(528b) Combined 2H and 13C Metabolic Flux Analysis Enables Novel Discoveries in Zymomonas Mobilis Metabolism Used for Renewable Biofuel Production | AIChE

(528b) Combined 2H and 13C Metabolic Flux Analysis Enables Novel Discoveries in Zymomonas Mobilis Metabolism Used for Renewable Biofuel Production

Authors 

Adamczyk, P. A. - Presenter, University of Wisconsin—Madison
Jacobson, T. B., University of Wisconsin—Madison
Reed, J. L., University of Wisconsin-Madison
Amador-Noguez, D., University of Wisconsin - Madison
Zymomonas mobilis is an alpha-proteo bacterium ideal for metabolic engineering of biofuels such as isobutanol from renewable feedstocks owing to its unique properties; namely, strong resilience to lignotoxins present in lignocellulose-derived feedstocks, a simple metabolic network, fast and efficient glucose utilization, and low biomass yield. In this study, metabolic flux analysis (MFA) of wild-type Z. mobilis was performed using 2H- and 13C-labeled glucose tracers and subsequent measurement of downstream intracellular metabolites by high-resolution LC-MS. With successful, simultaneous fitting of data from seven different isotopic tracers (1-13C, 3-13C, 6-13C, 1,2-13C, 2-2H, 4-2H, and 5-2H glucose) into a single, statistically acceptable flux map, we were able to i) identify succinate dehydrogenase (SDH)-like activity and inactivity of a tricarboxylic acid (TCA) cycle shunt, ii) elucidate pathway thermodynamics, iii) determine select enzyme co-factor specificity and their substrate stereo-specificity and, iv) confirm a metabolic imbalance preventing efficient xylose catabolism in Z. mobilis.
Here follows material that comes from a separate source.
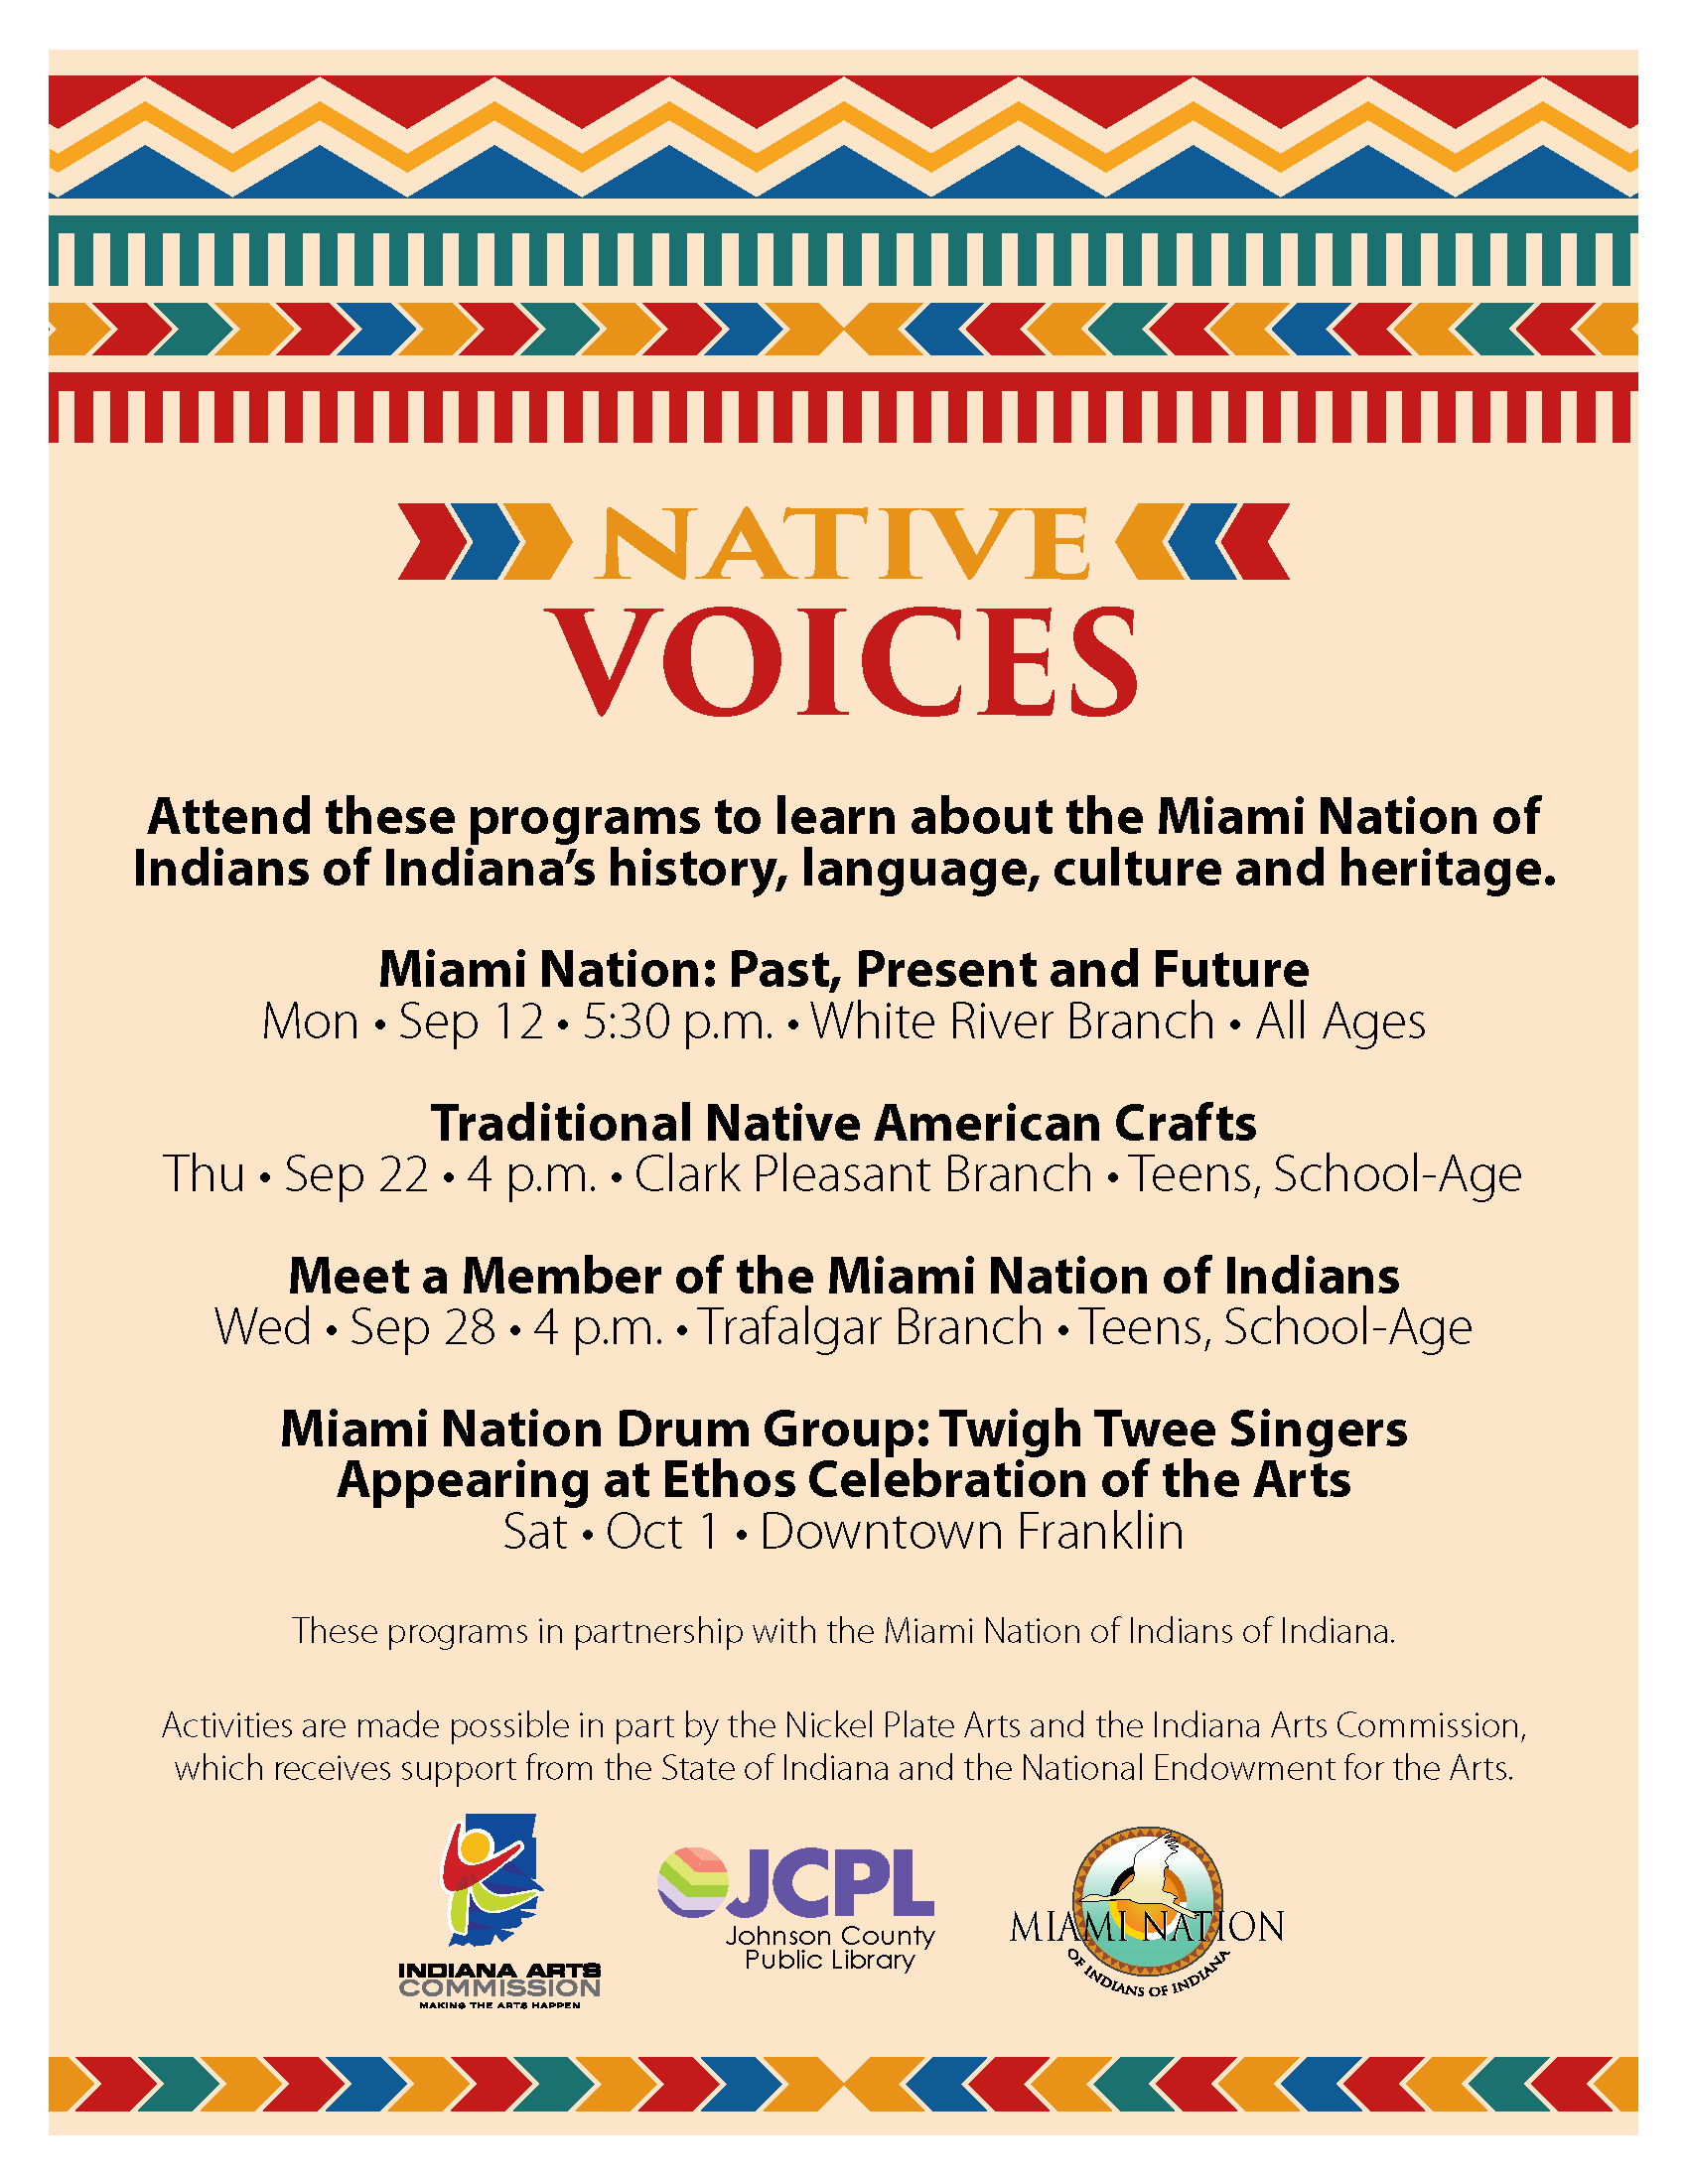 Native Voices programs

Firstly, 2H and 13C MFA has identified SDH-like activity in Z. mobilis. Specifically, before this study, it was not clear whether Z. mobilis has SDH activity because only one out of four SDH subunits was annotated in the Z. mobilis genome. Upon addition of an SDH reaction to the model, non-zero flux and correct succinate labeling patterns were observed. Unexpectedly, although two Z. mobilis enzymes have strong sequence similarity to known cyanobacterial enzymes responsible for a TCA cycle shunt—driven by α-ketoglutarate decarboxylase and succinic semialdehyde dehydrogenase—MFA confirms that this shunt is inactive in Z. mobilis and succinate is not derived from it under the conditions tested.

We then inferred the thermodynamic favorability of many Z. mobilis reactions after calculating Gibbs free energies (∆G) from forward and reverse fluxes as determined accurately by MFA. Specifically, we demonstrated the large in vivo thermodynamic favorability of the Entner-Doudoroff (ED) pathway that is supported by measured, high intracellular concentrations of ED pathway intermediates—before now, this was only a computational hypothesis.
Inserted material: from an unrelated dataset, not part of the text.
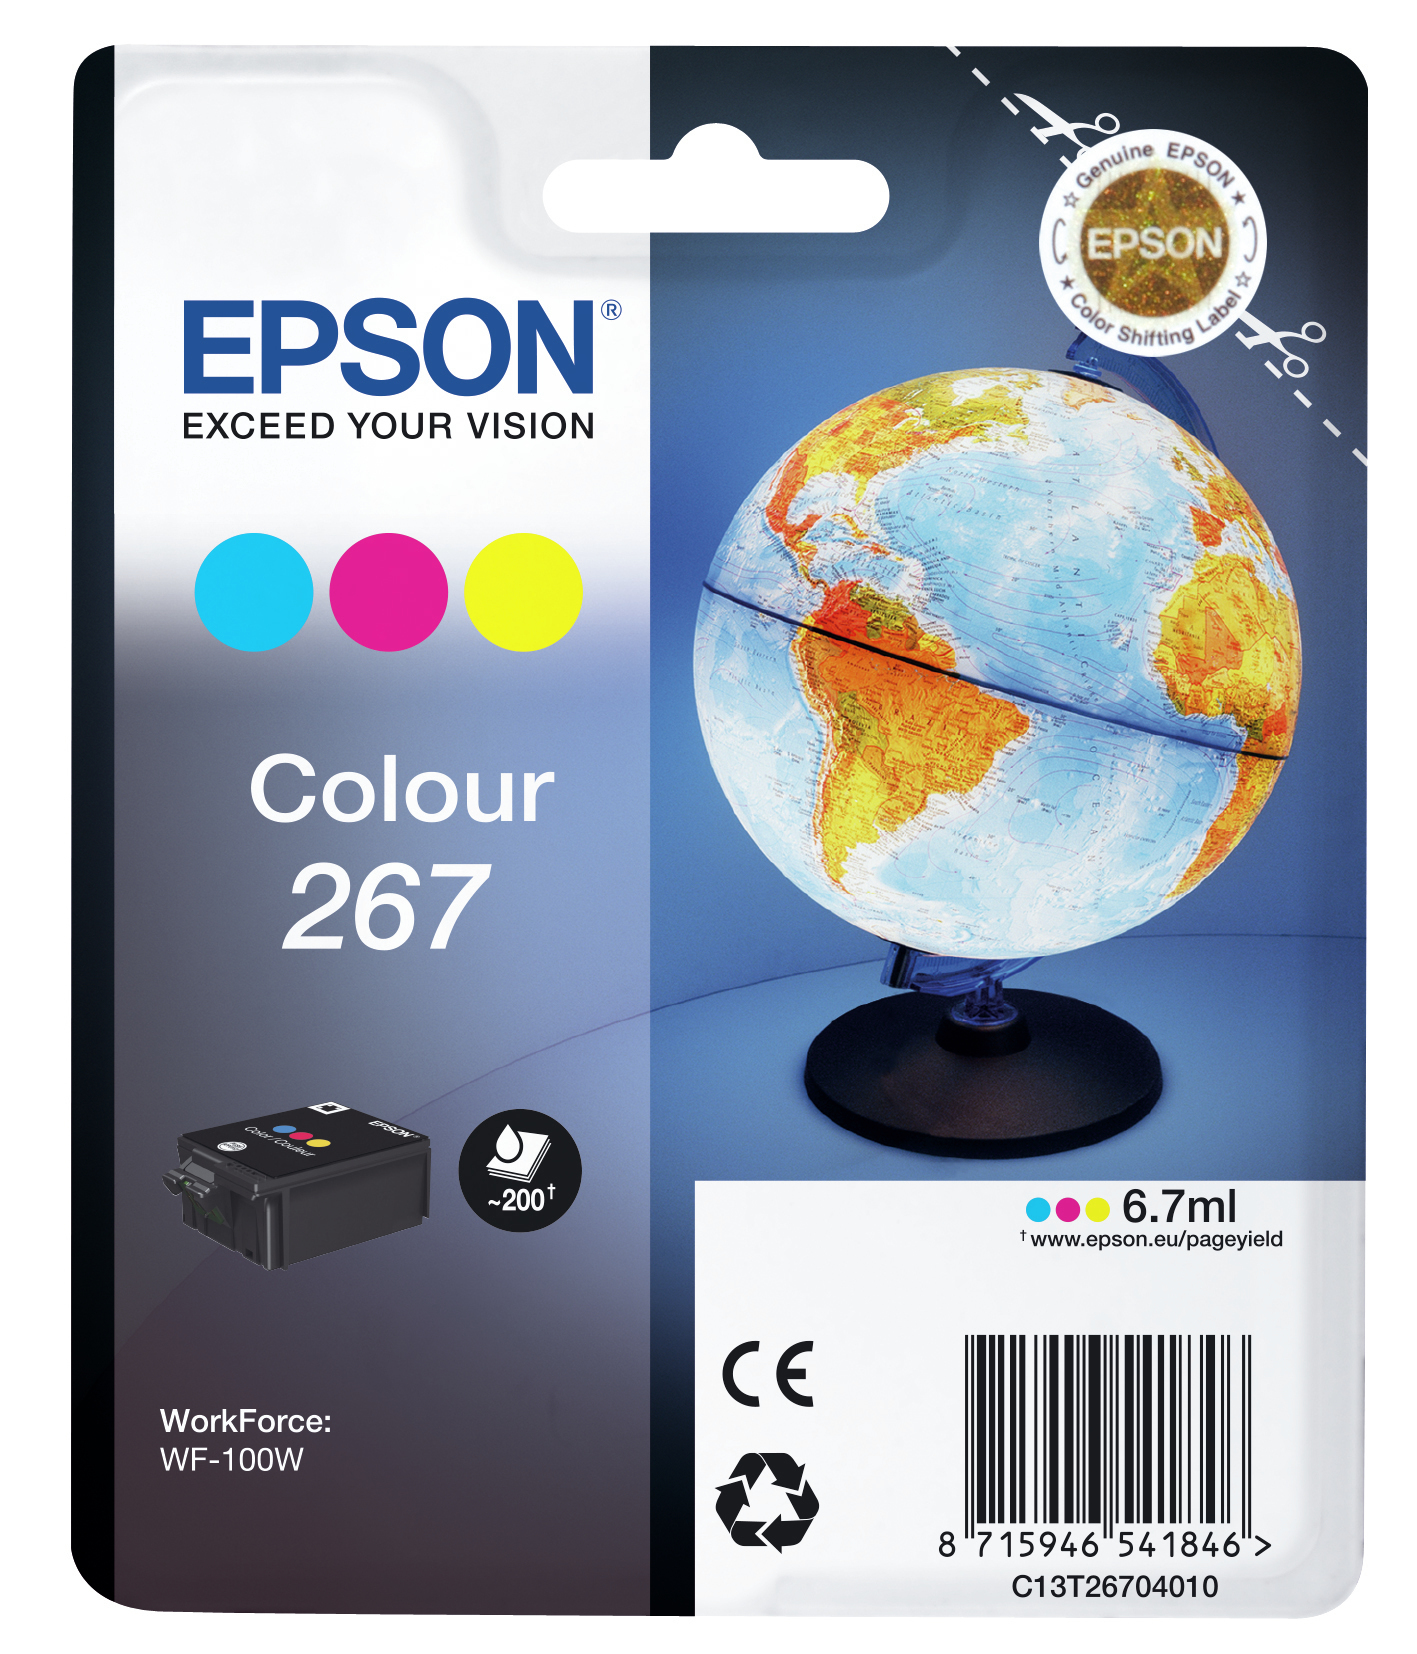 Singlepack Colour 267 Ink Cart Epson Consumer Ink S1 C13t26704010 8715946541846

Cofactor specificity of select Z. mobilis enzymes and their unknown substrate stereo-specificity were identified—possible only from 2H labeling experiments. MFA reveals that i) glucose-6-phosphate dehydrogenase is only NADP+-dependent, ii) glyceraldehyde-3-phosphate (GAP) dehydrogenase is only NAD+-dependent with, iii) the C1 hydrogen from GAP being transferred exclusively to the si face of NAD+, and iv) transhydrogenase-like activity is present in Z. mobilis and operates by transferring a hydrogen from NADPH exclusively to the si face of NAD+.
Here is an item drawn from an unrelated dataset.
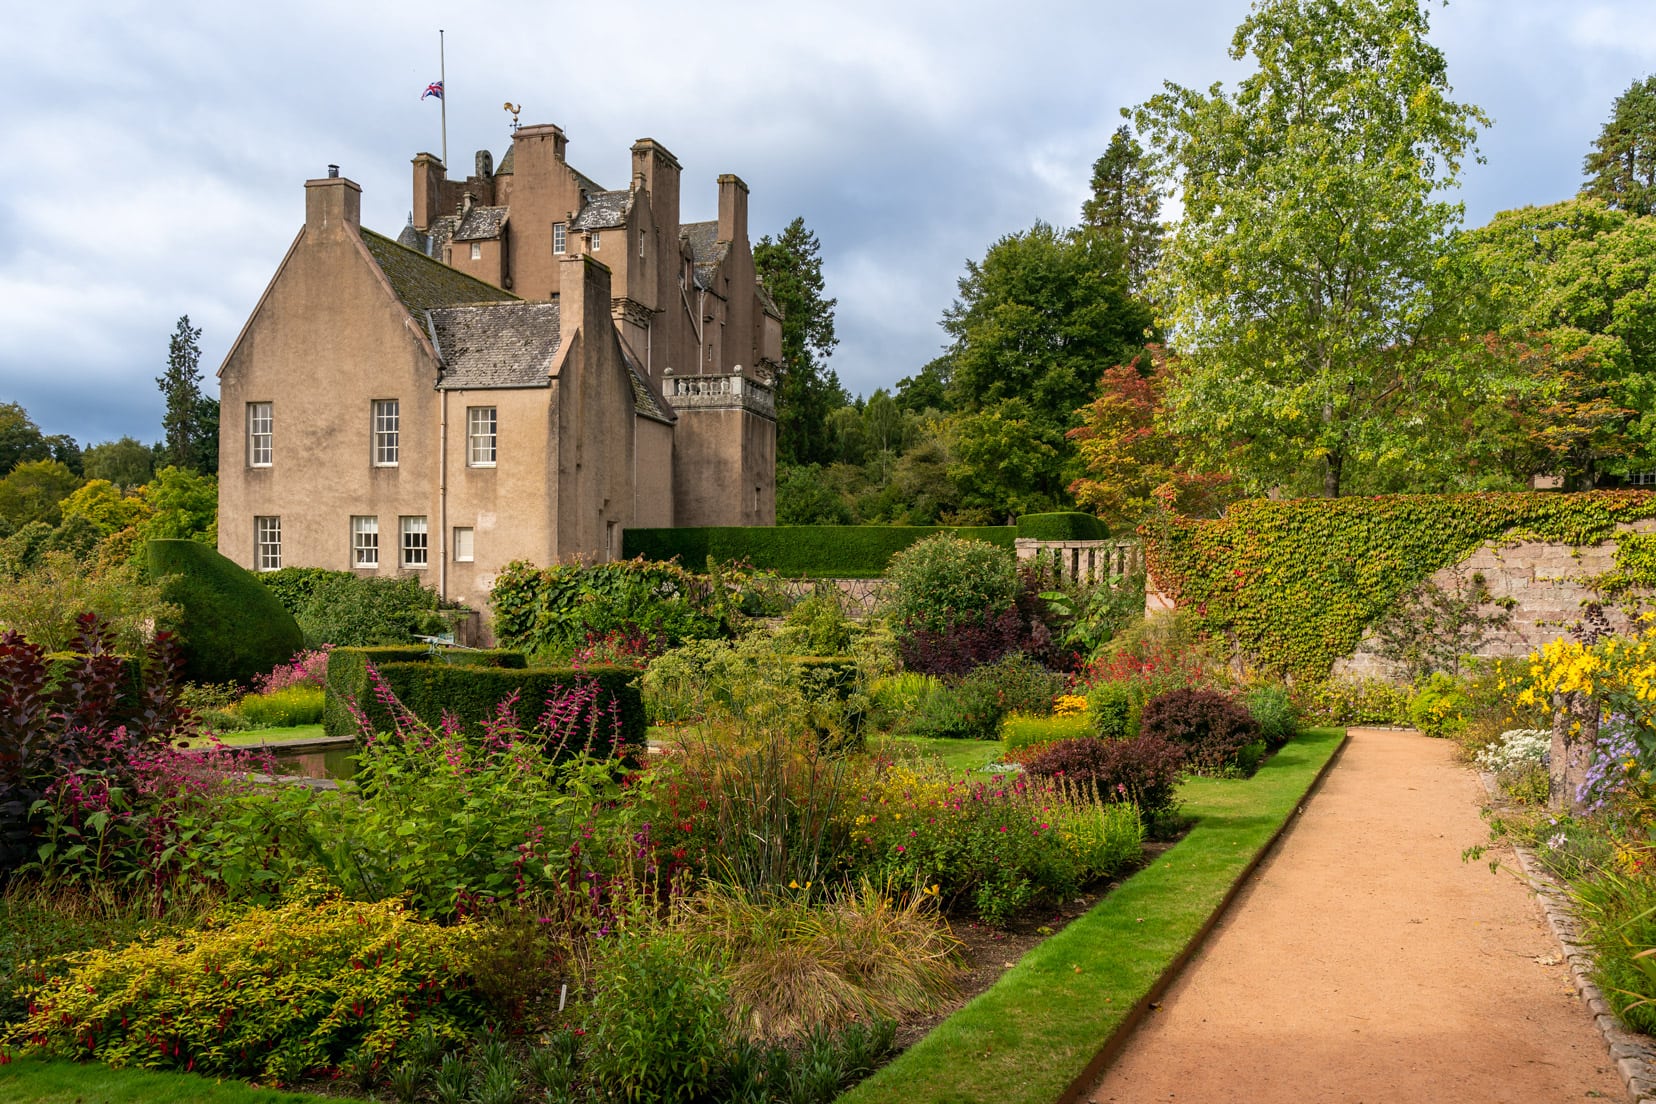 Aberdeenshire castle, Crathes-Castle-Gardens seen from the gardens

Lastly, MFA confirms there is a metabolic imbalance in Z. mobilis pentose phosphate pathway due to an absent transaldolase preventing it from metabolizing xylose as a sole carbon source and causing an overflow of erythrose-4-phosphate, excretion of shikimate, and an intracellular shikimate concentration 1000-fold higher than in E. coli. Future MFA experiments to investigate this imbalance would enable rational engineering of Z. mobilis strains to obtain higher product yields from glucose- and xylose-rich renewable feedstocks.